Posted: Tue Mar 22, 2011 5:23 pm
by maartendas
Yorkie wrote:
maartendas wrote:Hi Yorkie, yes that was me. I couldn't spot Stefan in the Susan Boyle video either but he is here, Christmas 2009:
No, I don't think he was there - strange.
Apparently he has not been seen with Trinity around the time of the London concert last autumn. He had to choose between Libera and a concert in Poland with Trinity that day and performed with Libera. Shortly after that he hasn't been seen with Trinity. That's what I heard from LennesSL after the Epsom concert and she told me other fans had confirmed this to her.

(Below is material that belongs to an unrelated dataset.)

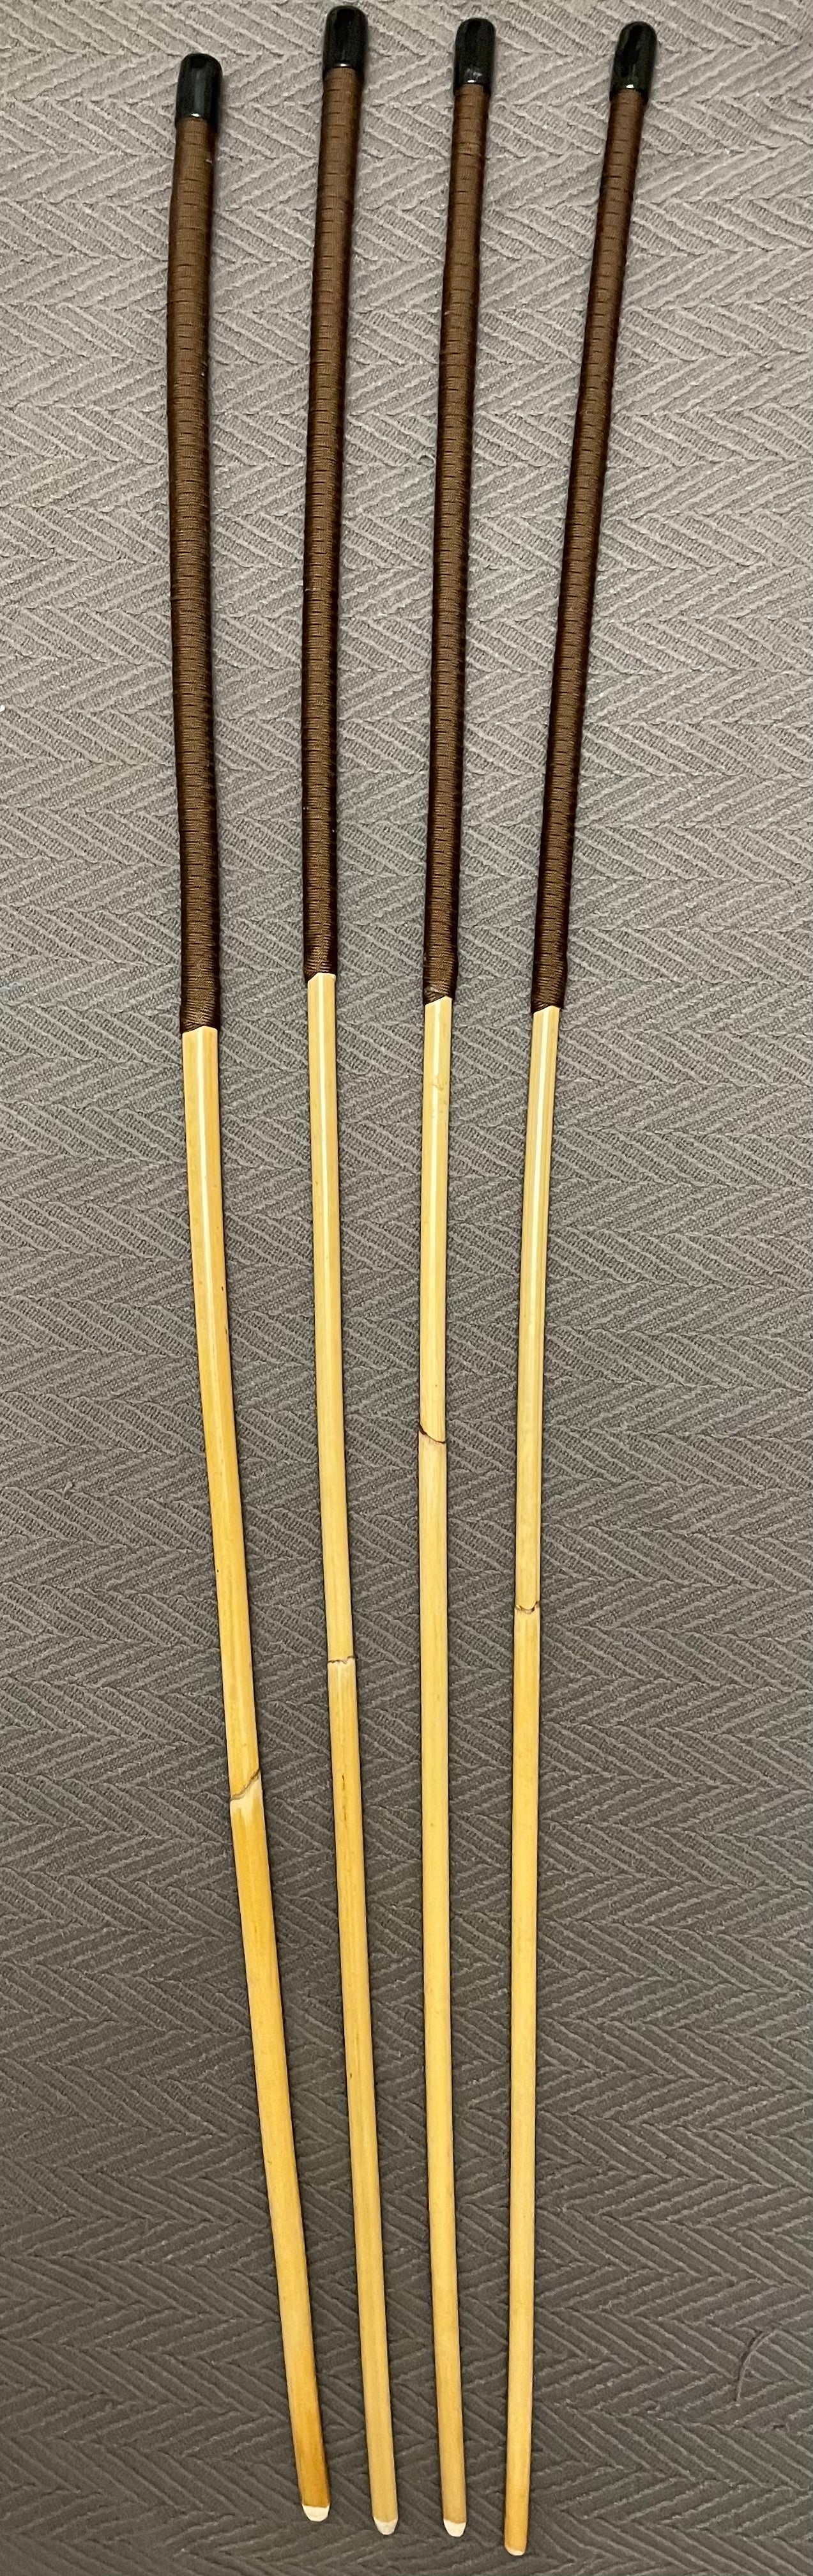 Set of 4 Very Whippy and Stingy Classic Dragon Canes - 95 cms Length - Brown Paracord Handles
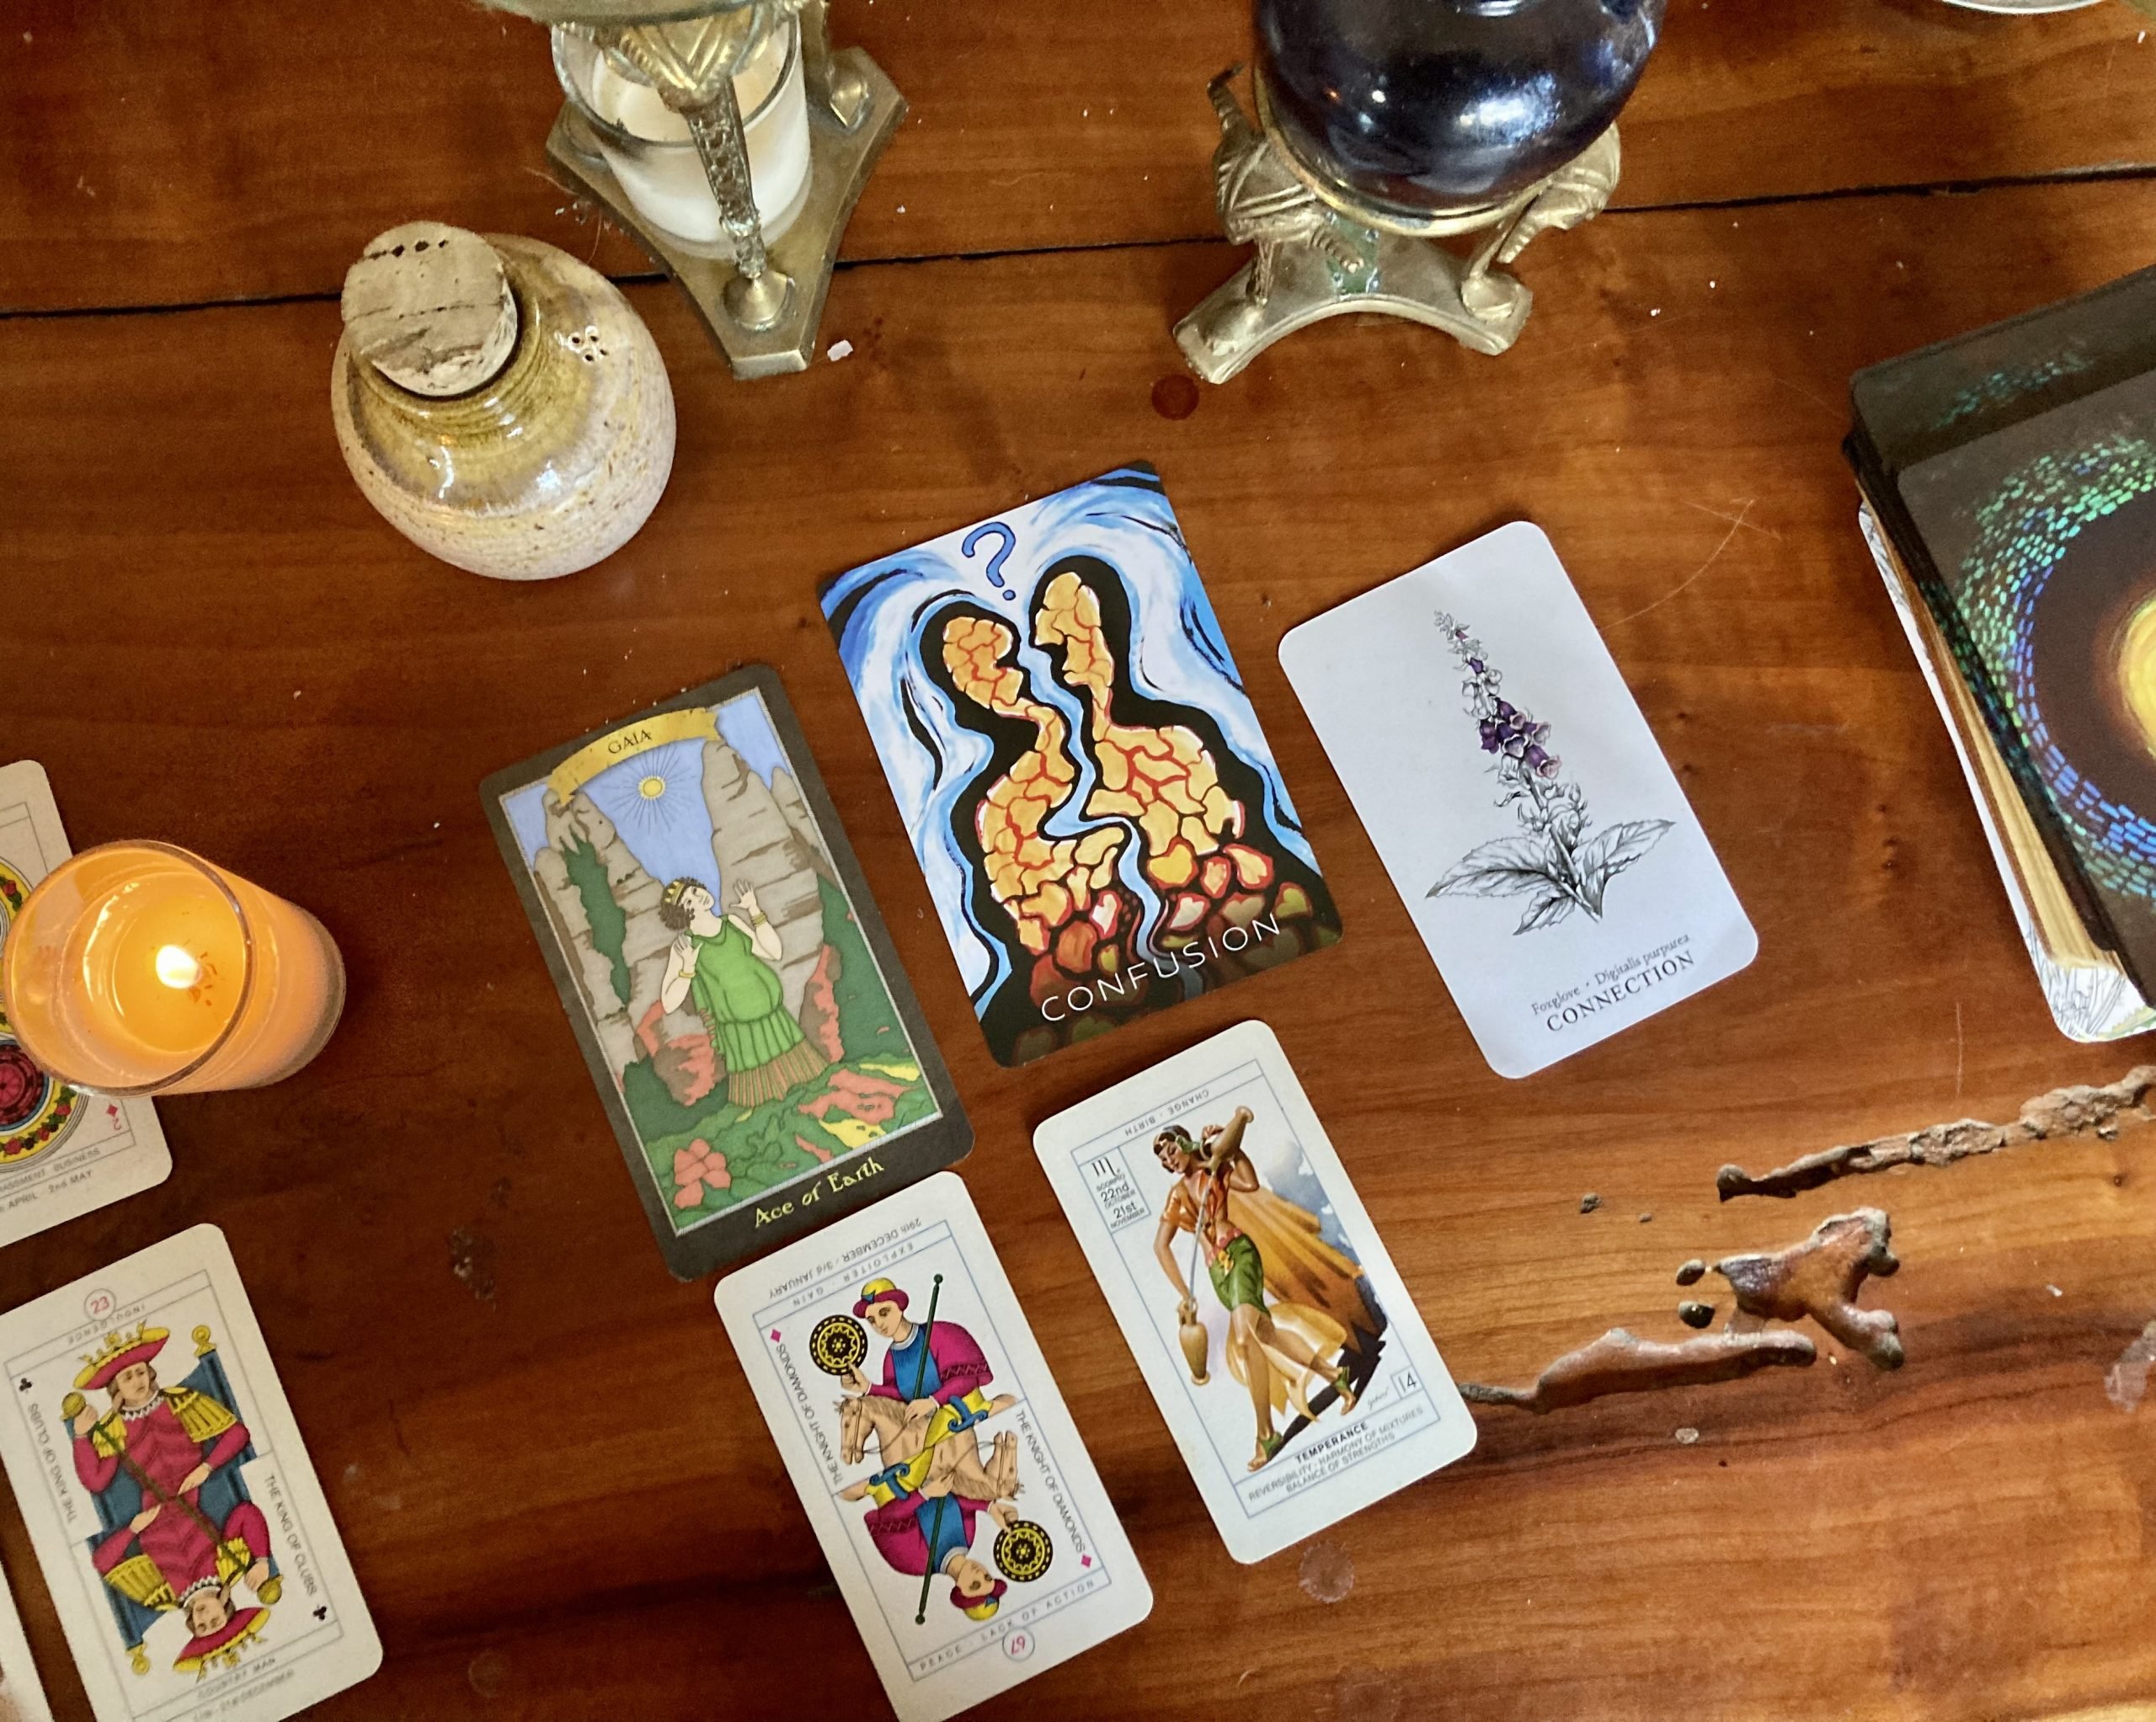 A spread from a several modern tarot decks is visible on a wood table with jars and candles nearby. The cards have different sizes and art styles. Visible are the king of clubs, the knight of diamonds, the ace of earth, temperance, confusion, and connection. The rainbow mosaic pattern of the back of the rest of the cards is also visible.

Posted: Wed Mar 23, 2011 8:40 pm
by LennesSL
maartendas wrote:
Yorkie wrote:
maartendas wrote:Hi Yorkie, yes that was me. I couldn't spot Stefan in the Susan Boyle video either but he is here, Christmas 2009:
No, I don't think he was there - strange.
Apparently he has not been seen with Trinity around the time of the London concert last autumn. He had to choose between Libera and a concert in Poland with Trinity that day and performed with Libera. Shortly after that he hasn't been seen with Trinity. That's what I heard from LennesSL after the Epsom concert and she told me other fans had confirmed this to her.
Yes, That's what I heard from (sorry) don't remember all the names, one of the fans who was there with us in Epsom.. Shame on me!! But the best source is Stefan himself and I didn't speak to him. So don't shoot me for it :)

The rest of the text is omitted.